Longevity-focused nutrition is appropriate for a breed with a median lifespan of 14.5 years (atlas-derived). A toy-breed adult formulation with antioxidants (vitamin E, beta-carotene) and omega-3 supplementation has no downside and reflects what we know about aging in small dogs. The breed’s small stomach means three meals per day in puppyhood remain preferable to larger, less-frequent meals even after the growth phase ends.
What we don’t know
The CDDY variant sits at 8.7% in the Havanese population, but we do not know what fraction of Havaneses with two copies will develop symptomatic disc disease or at what age. The inheritance is classified as autosomal dominant, but the breed-specific penetrance is unstudied. Whether diet, activity level, or genetic background modulates the risk is unknown.

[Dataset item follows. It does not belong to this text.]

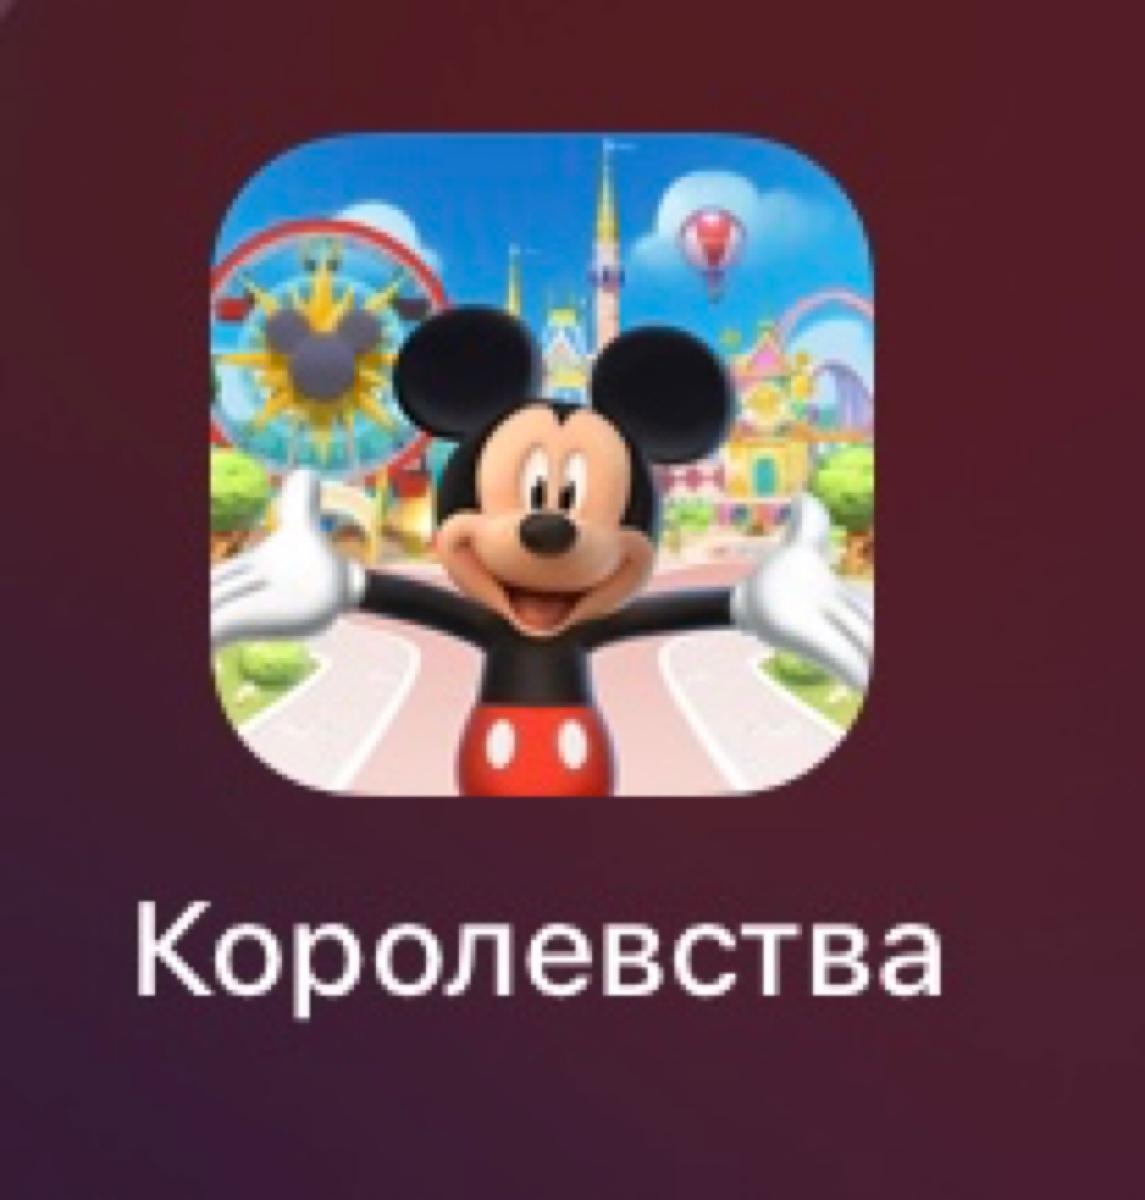 Какая твоя любимая игра на телефоне

The other six Mendelian variants are so rare that their breed impact is genuinely unknowable from 441 dogs. A prekallikrein deficiency carrier frequency of 0.11% reflects a single carrier among the 441 dogs tested (Donner 2023); breed-wide population counts are not available.
Frequently asked questions about Havaneses
Are Havaneses prone to intervertebral disc disease? The CDDY variant, which increases IVDD risk, is present in 8.7% of Havaneses as carriers. The breed does not show shortened limbs despite carrying the variant; the consistent expression is disc herniation risk, not leg length. Weight management is the most important preventive measure.

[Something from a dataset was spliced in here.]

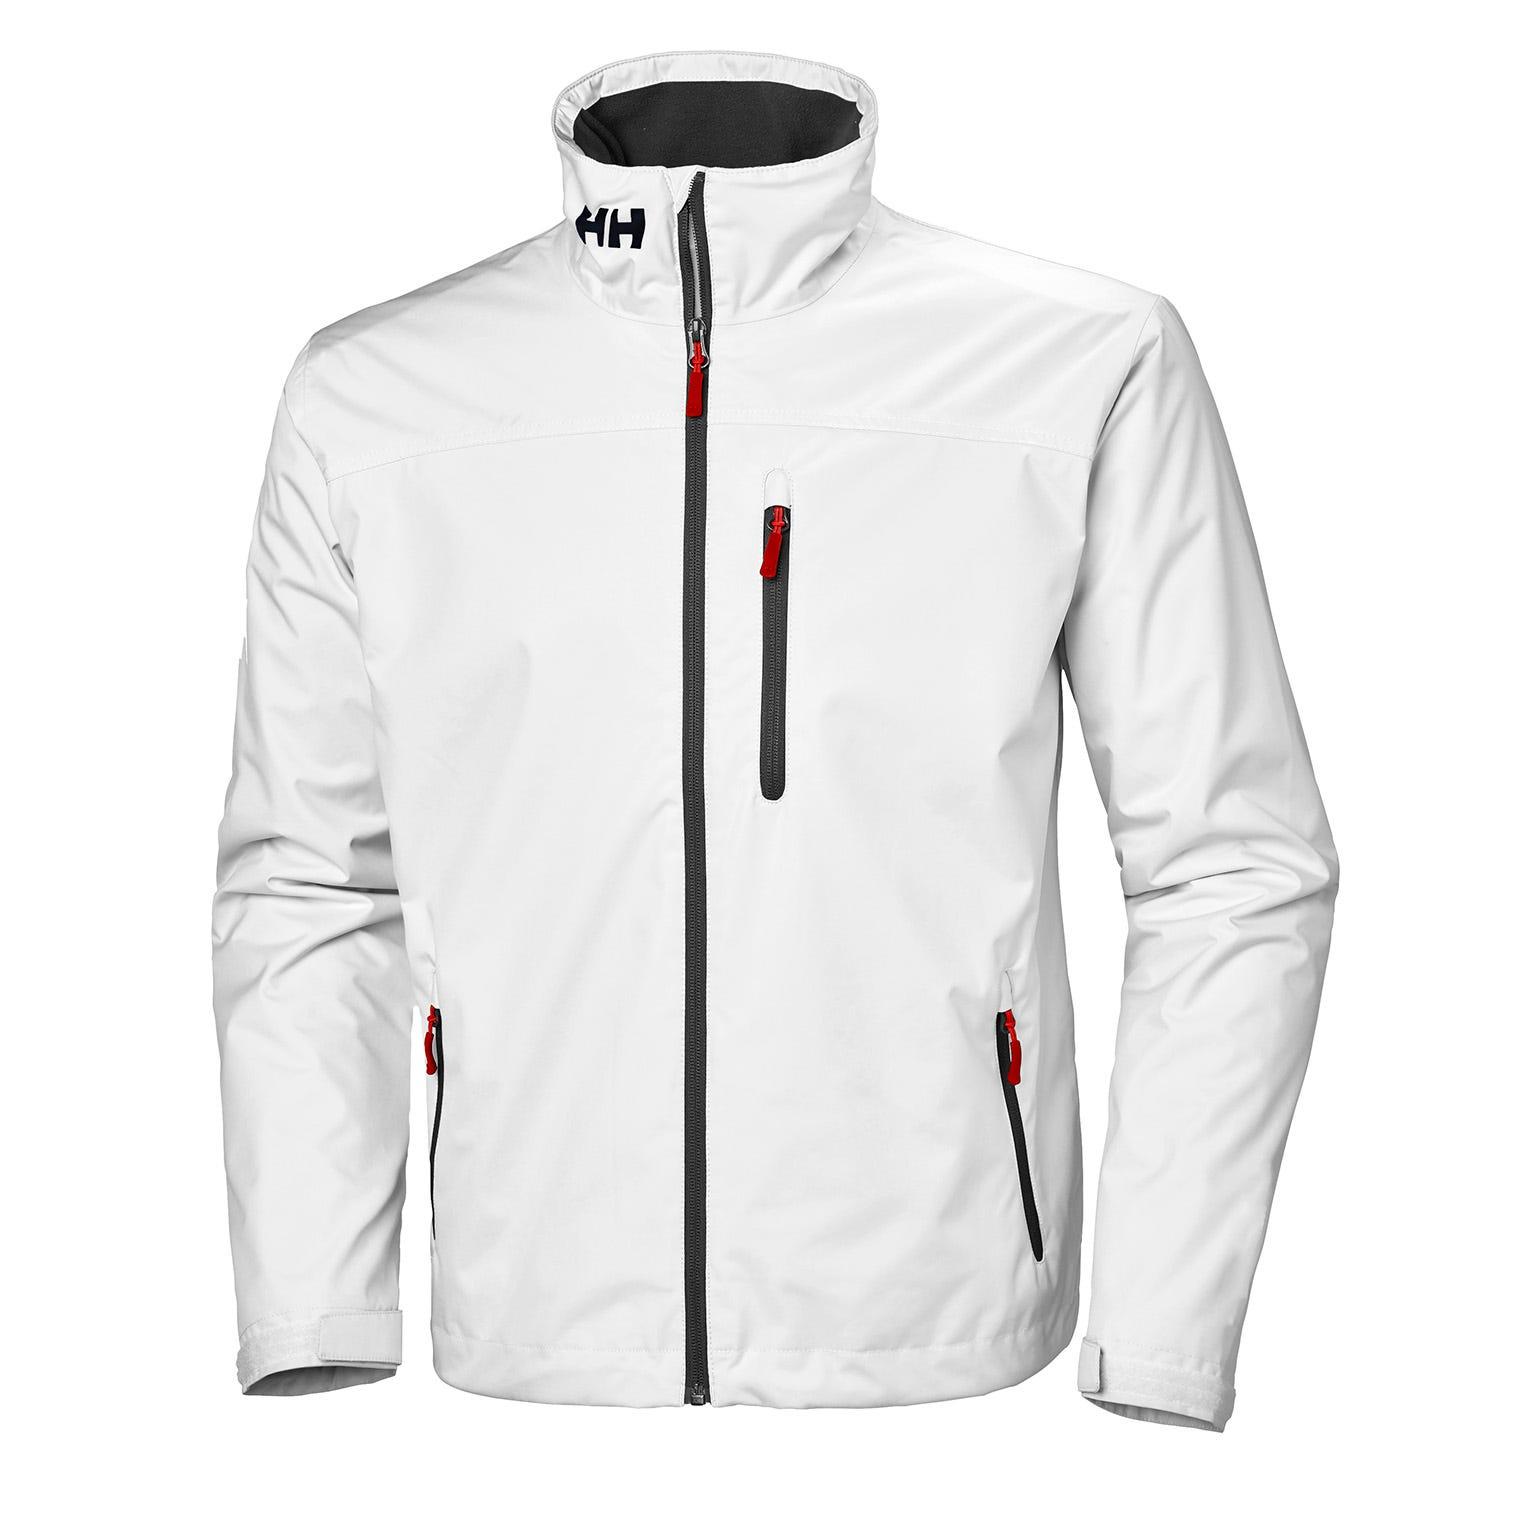 Helly Hansen Crew Midlayer Jacket Mens Sailing White XXL

How long do Havaneses live? The atlas-derived median lifespan for Havaneses is 14.5 years, placing the breed at the upper end of the lifespan distribution in the sniff.world atlas. Individual lifespans vary with genetic background and health management.
What is the most common genetic disease in Havaneses? No single Mendelian disease is common in the breed. The CDDY carrier frequency of 8.7% is the highest, but symptomatic intervertebral disc disease is not universal in carriers.
Should I do a DNA test on my Havanese? For breeding stock, a CDDY panel is worthwhile given the 8.7% carrier frequency. The other six variants are so rare that their testing yield is negligible in the current population.
What is the best diet for a Havanese? A toy-breed formulation with controlled portions is the foundation. Havaneses typically weigh 7 to 13 pounds (AKC breed standard), and weight gain compounds disc disease risk in CDDY carriers. Measure meals; avoid free-feeding. Antioxidant and omega-3 supplementation supports a long lifespan.
Are Havaneses good with kids? Havaneses are small companion dogs with no documented breed-specific behavioral barriers to households with children. Individual temperament varies. Supervision with very young children is standard for a toy breed, not a Havanese-specific concern.
What should I look for when choosing a Havanese breeder? Request CDDY testing results for breeding stock. A responsible breeder will have carrier status documented for their parents. Ask about the genetic background, the breed’s 54-dog atlas cohort shows two sub-populations, suggesting some genetic stratification worth understanding.
Do Havaneses have any breed-specific health screening recommendations? Routine veterinary eye exams are reasonable given the prcd-PRA carrier present in the population, though current frequency is negligible. Spine health awareness, including awareness of CDDY carrier status and weight management, is the practical corollary of the CDDY finding in this breed.